Author: Yan SHI ¹ ; Candy LEE ² ; Peng SANG ¹ ; Zaid AMSO ² ; David HUANG ² ; Weixia ZHONG ² ; Meng GU ¹ ; Lulu WEI ¹ ; Vân T B NGUYEN-TRAN ² ; Jingyao ZHANG ¹ ; Weijun SHEN ² ; Jianfeng CAI ¹
Author Information

1. Department of Chemistry, University of South Florida, Tampa, FL 33620, USA.
2. Calibr at Scripps Research, La Jolla, CA 92037, USA.
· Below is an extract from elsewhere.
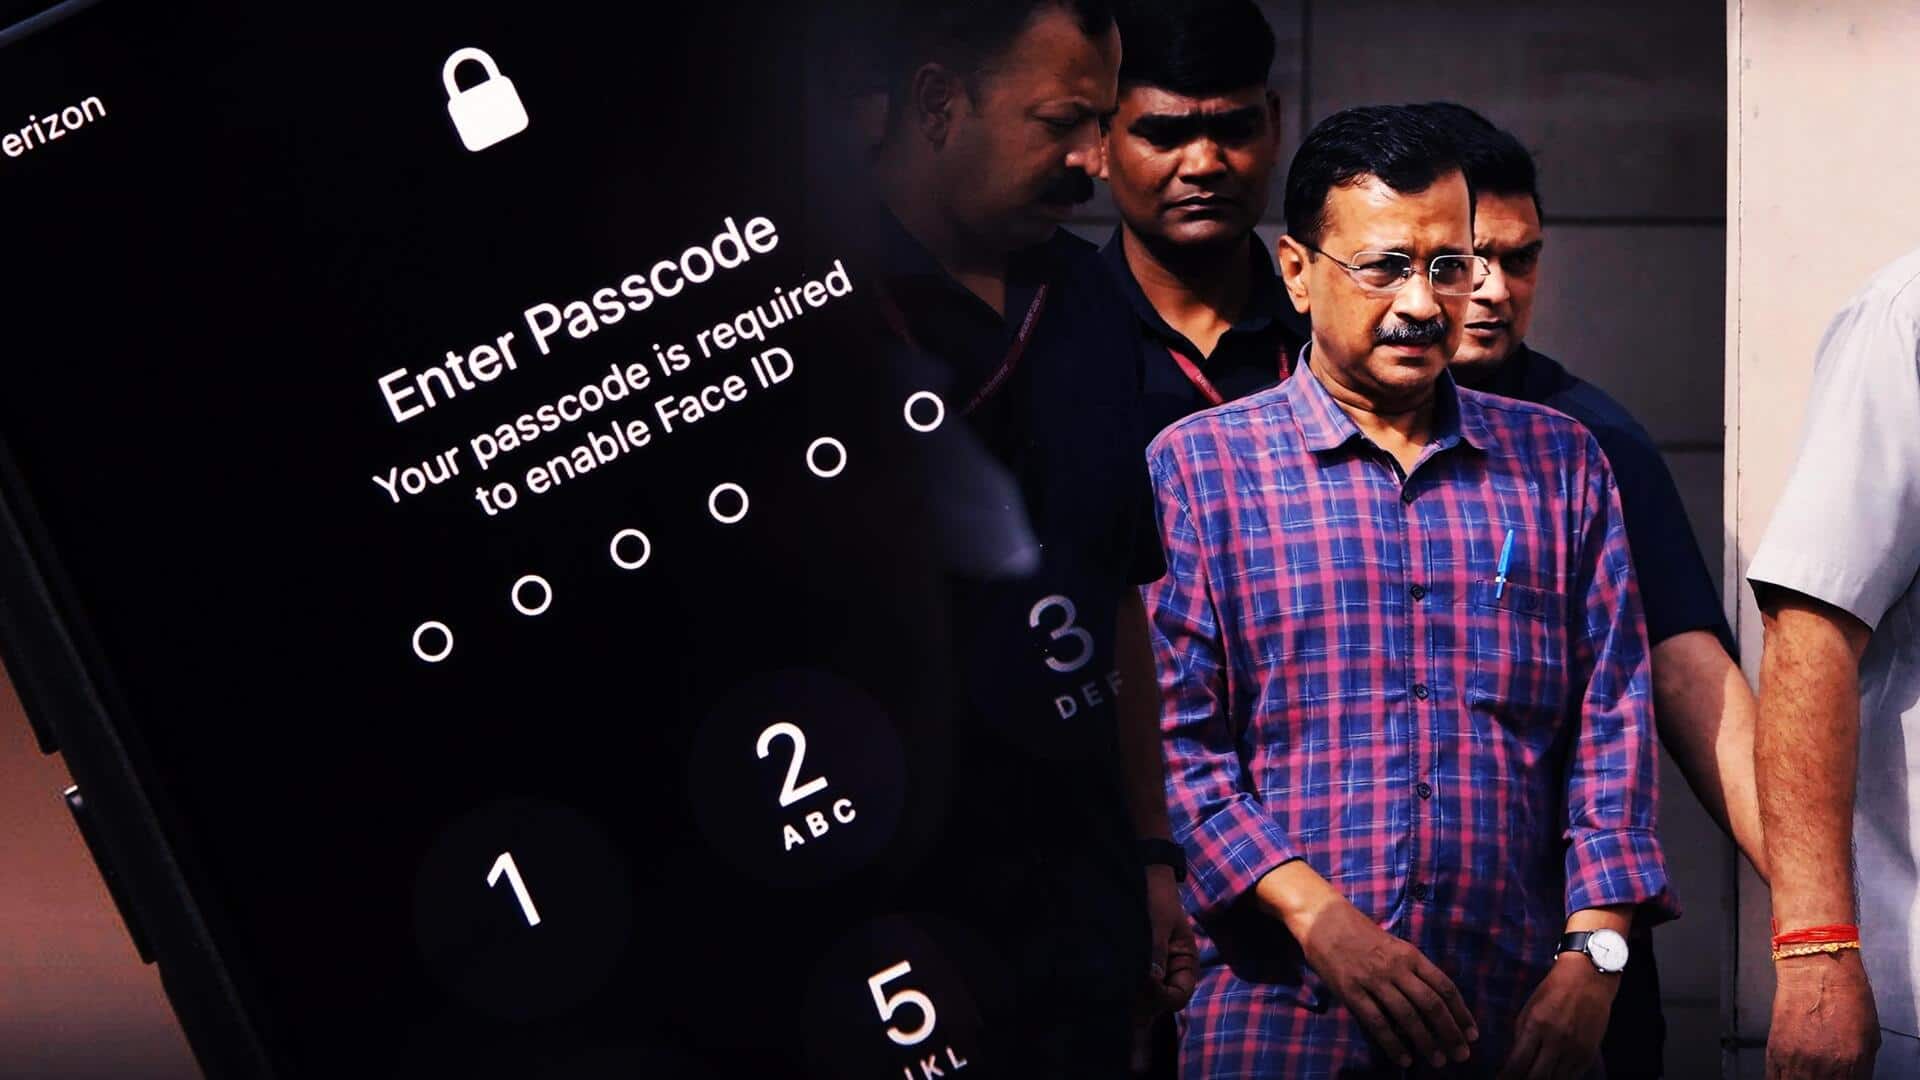 Explained: Why Apple declined ED's request to unlock Kejriwal's iPhone

Publication Type:Journal Article
Keywords: GLP-1; GLP-1R agonists; Helical structures; Peptidomimetics; Pharmacological activity; Rational design; Stability; Type-2 diabetes treatments
From: Acta Pharmaceutica Sinica B 2023;13(4):1648-1659
CountryChina
Language:English
Abstract: Peptides are increasingly important resources for biological and therapeutic development, however, their intrinsic susceptibility to proteolytic degradation represents a big hurdle. As a natural agonist for GLP-1R, glucagon-like peptide 1 (GLP-1) is of significant clinical interest for the treatment of type-2 diabetes mellitus, but its in vivo instability and short half-life have largely prevented its therapeutic application. Here, we describe the rational design of a series of α/sulfono-γ-AA peptide hybrid analogues of GLP-1 as the GLP-1R agonists. Certain GLP-1 hybrid analogues exhibited enhanced stability (t _1/2 > 14 days) compared to t _1/2 (<1 day) of GLP-1 in the blood plasma and in vivo. These newly developed peptide hybrids may be viable alternative of semaglutide for type-2 diabetes treatment. Additionally, our findings suggest that sulfono-γ-AA residues could be adopted to substitute canonical amino acids residues to improve the pharmacological activity of peptide-based drugs.